=== TASK BRIEF ===
Transcribe all the data below exactly, leaving its pictures out.

=== THE DATA ===
[Start of Attachment]
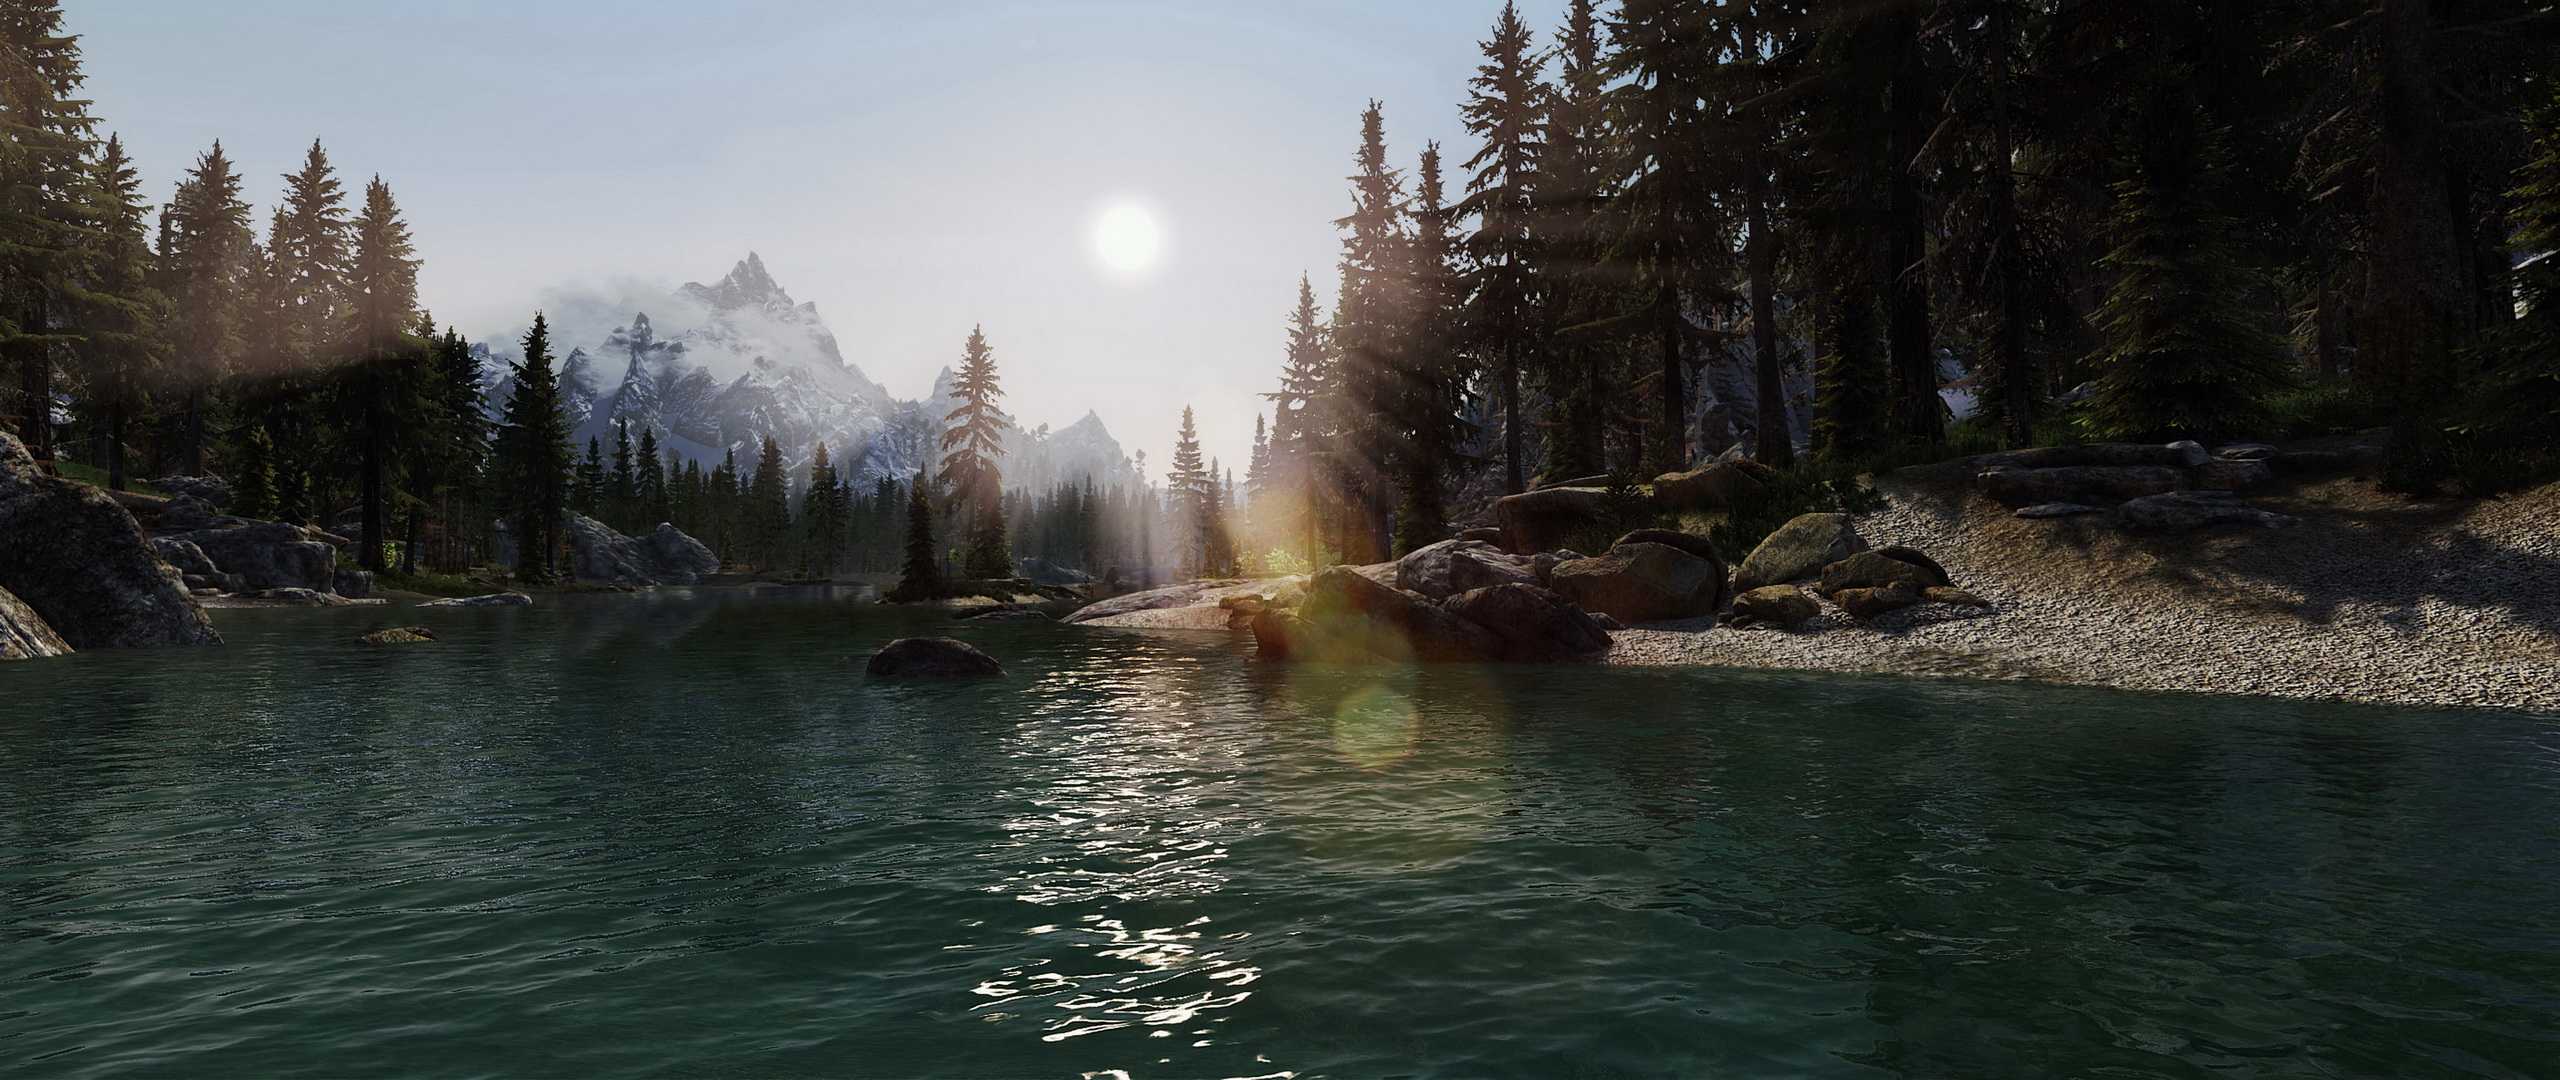 Skyrim Particle Patch for ENB 10.02.2016. 
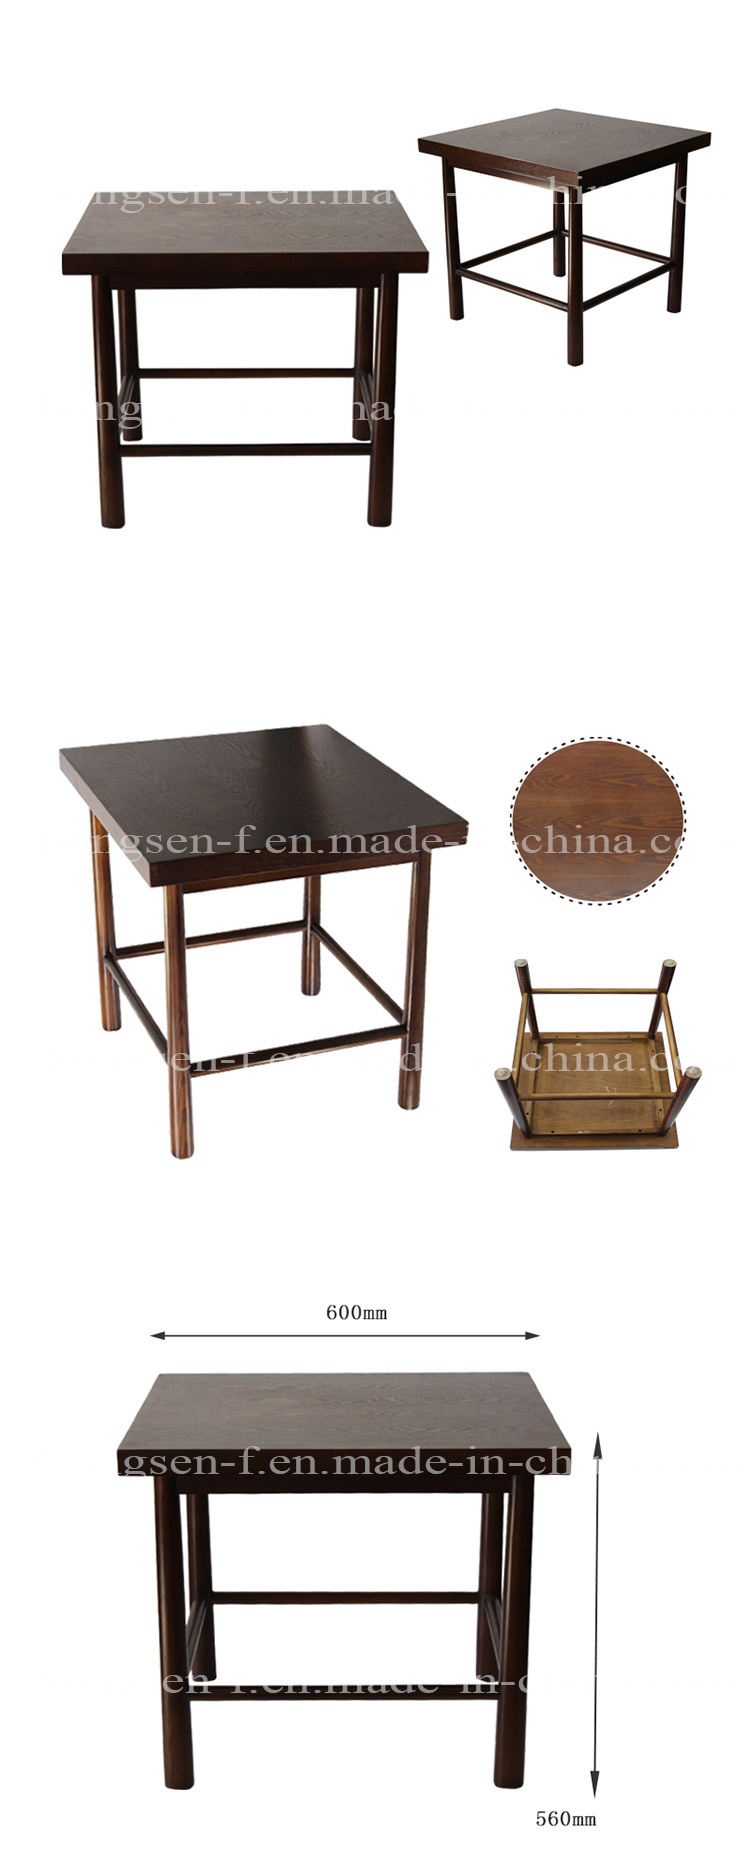 Solid Wood Furniture Square Table Dining Table Used on Cafe Coffee Shop
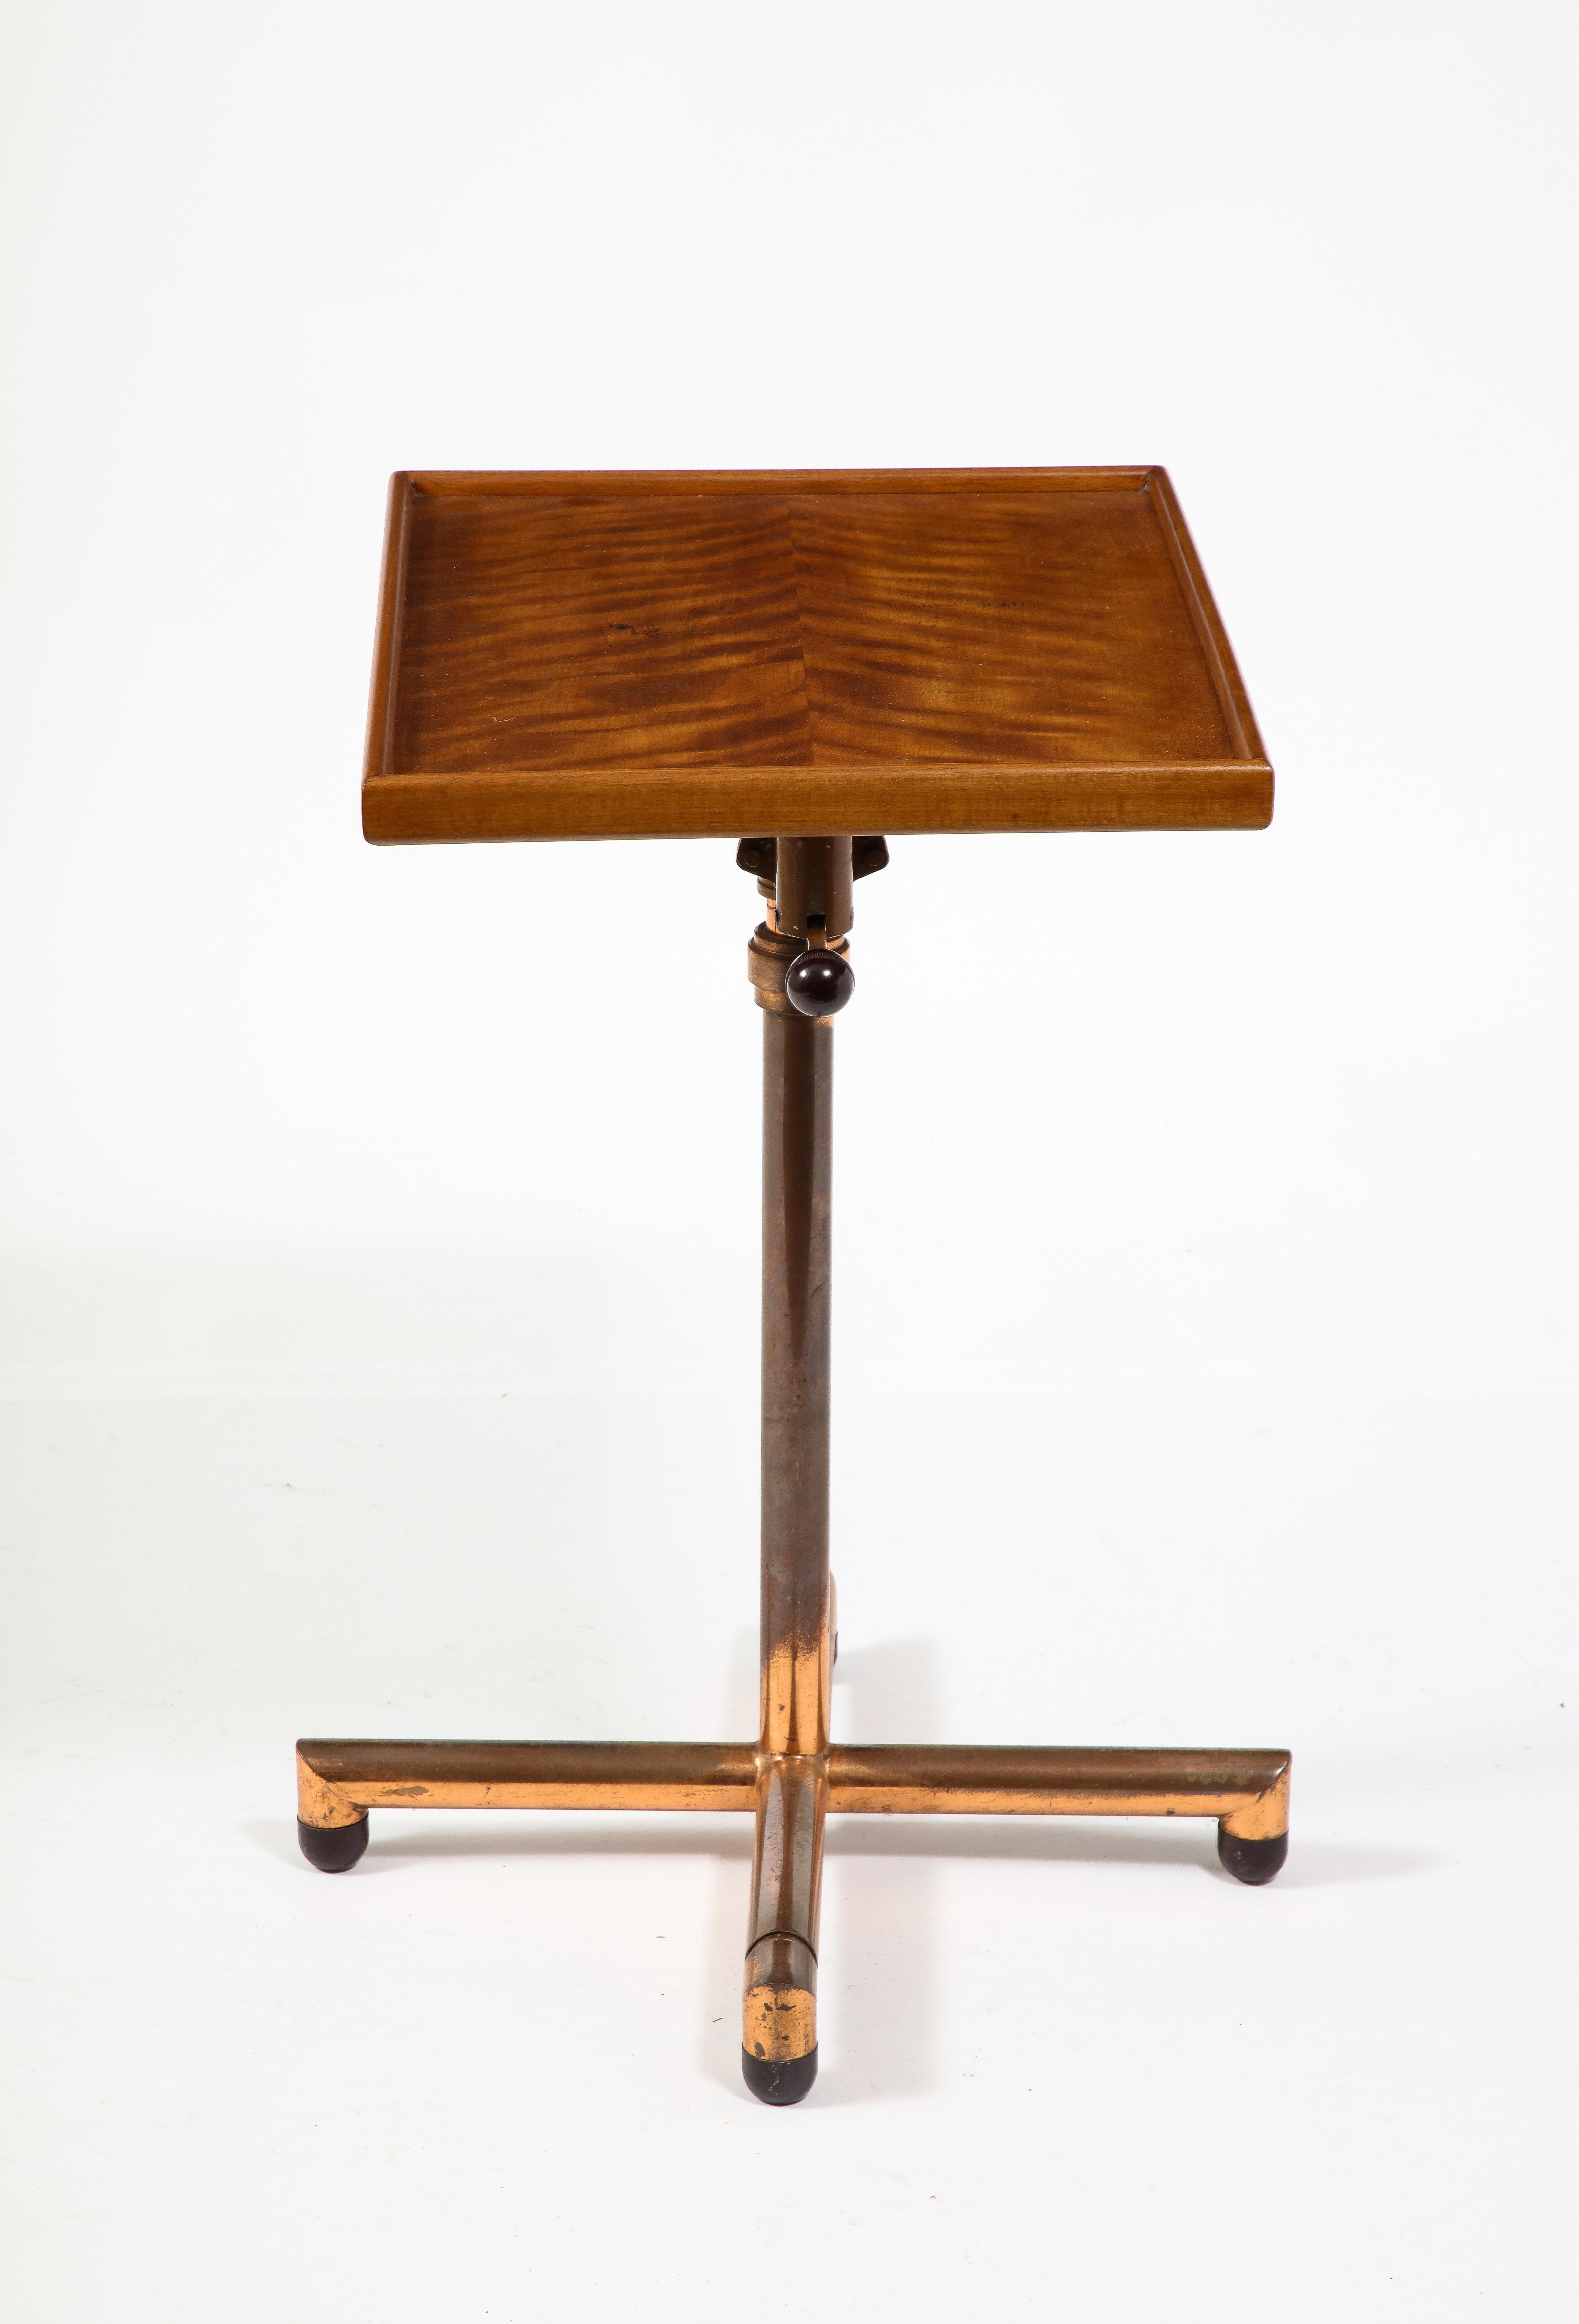 French Adjustable Copper & Ash Table By Francois Caruelle, France 1930's
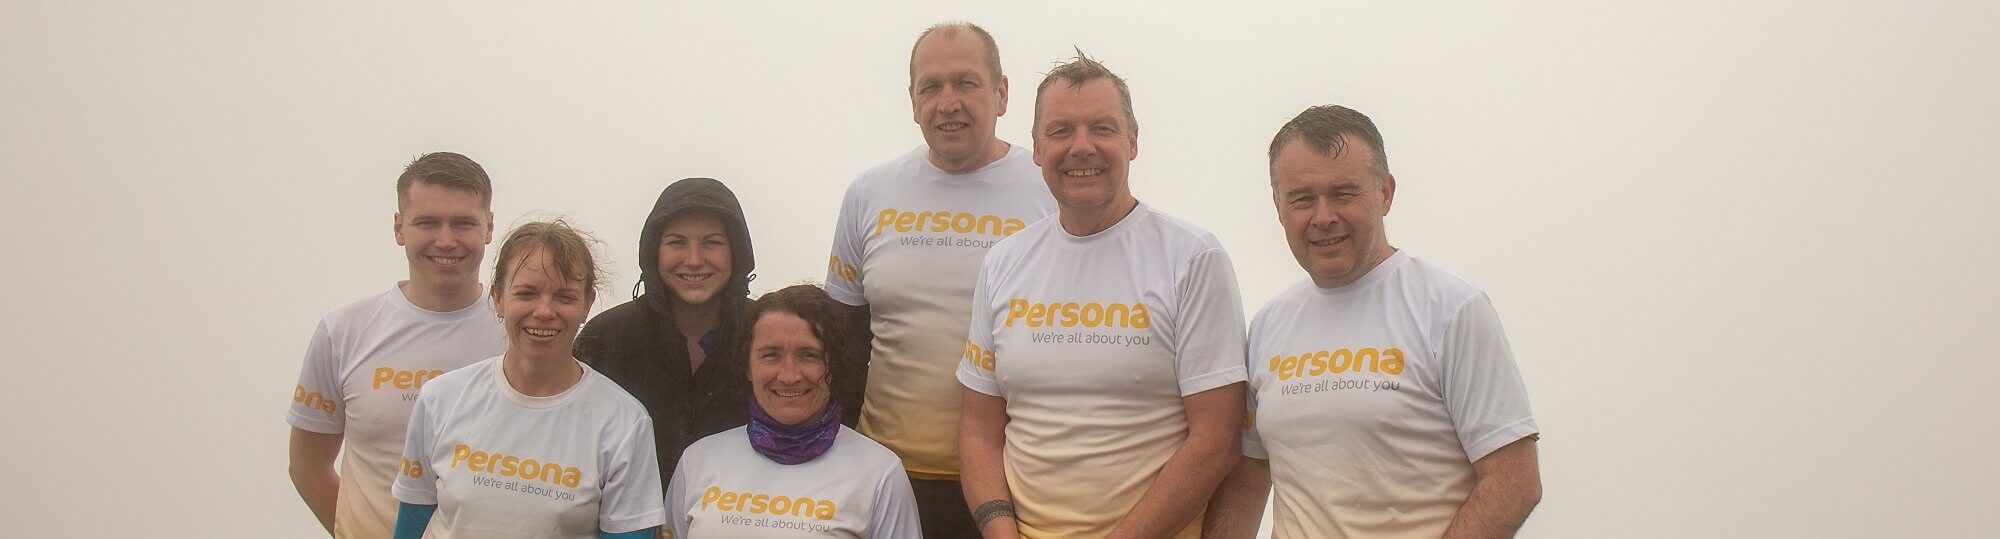 Persona Wellbeing: We climbed Snowdon!
[End of Attachment]
=== OUTPUT ===
 Skyrim Particle Patch for ENB 10.02.2016. 
 Solid Wood Furniture Square Table Dining Table Used on Cafe Coffee Shop
 French Adjustable Copper & Ash Table By Francois Caruelle, France 1930's
 Persona Wellbeing: We climbed Snowdon!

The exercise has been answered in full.